John C. Mannone has poems in Windhover, North Dakota Quarterly, Poetry South, Baltimore Review, and others. He won the Impressions of Appalachia Creative Arts Contest in poetry (2020), the Carol Oen Memorial Fiction Prize (2020), and the Joy Margrave Award (2015, 2017) for creative nonfiction. He was awarded a Jean Ritchie Fellowship (2017) in Appalachian literature and served as the celebrity judge for the National Federation of State Poetry Societies (2018).
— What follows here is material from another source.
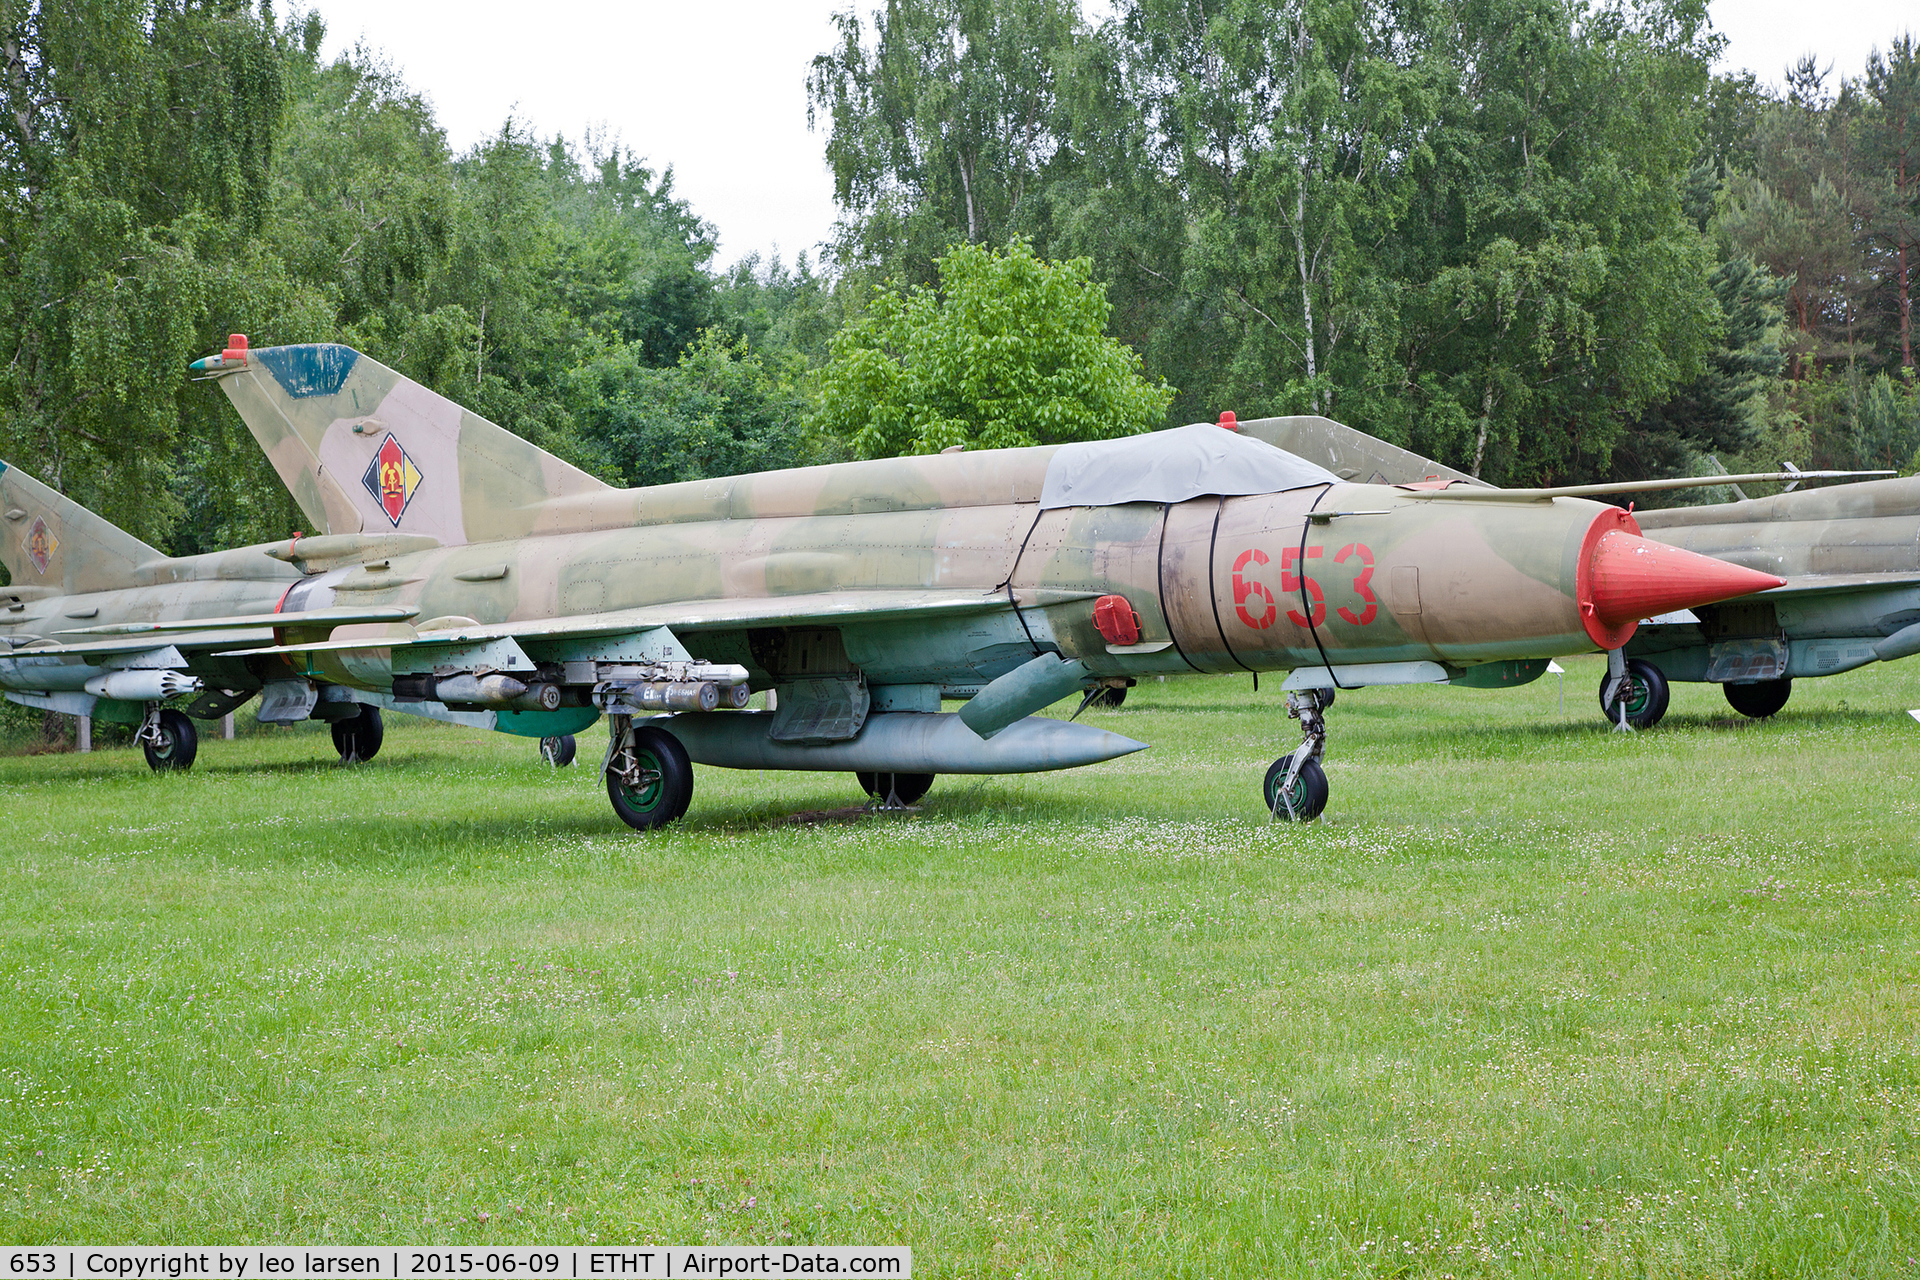 653, 1972 Mikoyan-Gurevich MiG-21MF C/N 5311, Flugplatzmuseum Cottbus 9.6.15

His full-length collections are Disabled Monsters (Linnet’s Wings Press, 2015), Flux Lines: The Intersection of Science, Love, and Poetry (Linnet’s Wings Press, 2022), Sacred Flute (Iris Press, 2023), and Song of the Mountains (Middle Creek Publishing, 2023). He edits poetry for Abyss & Apex and other journals. An Assistant Professor of Physics and Chemistry at Alice Lloyd College, John lives in southeast Kentucky.

Shei Sanchez lives in the colorful hills and hollers of Appalachian Ohio where she and her partner venture with their goats and dogs. Her poems have appeared in many print and online journals and anthologies, including Still: The Journal, One by Jacar Press, The Main Street Rag, and other places. A Best of the Net nominee, Shei is working on her first poetry collection.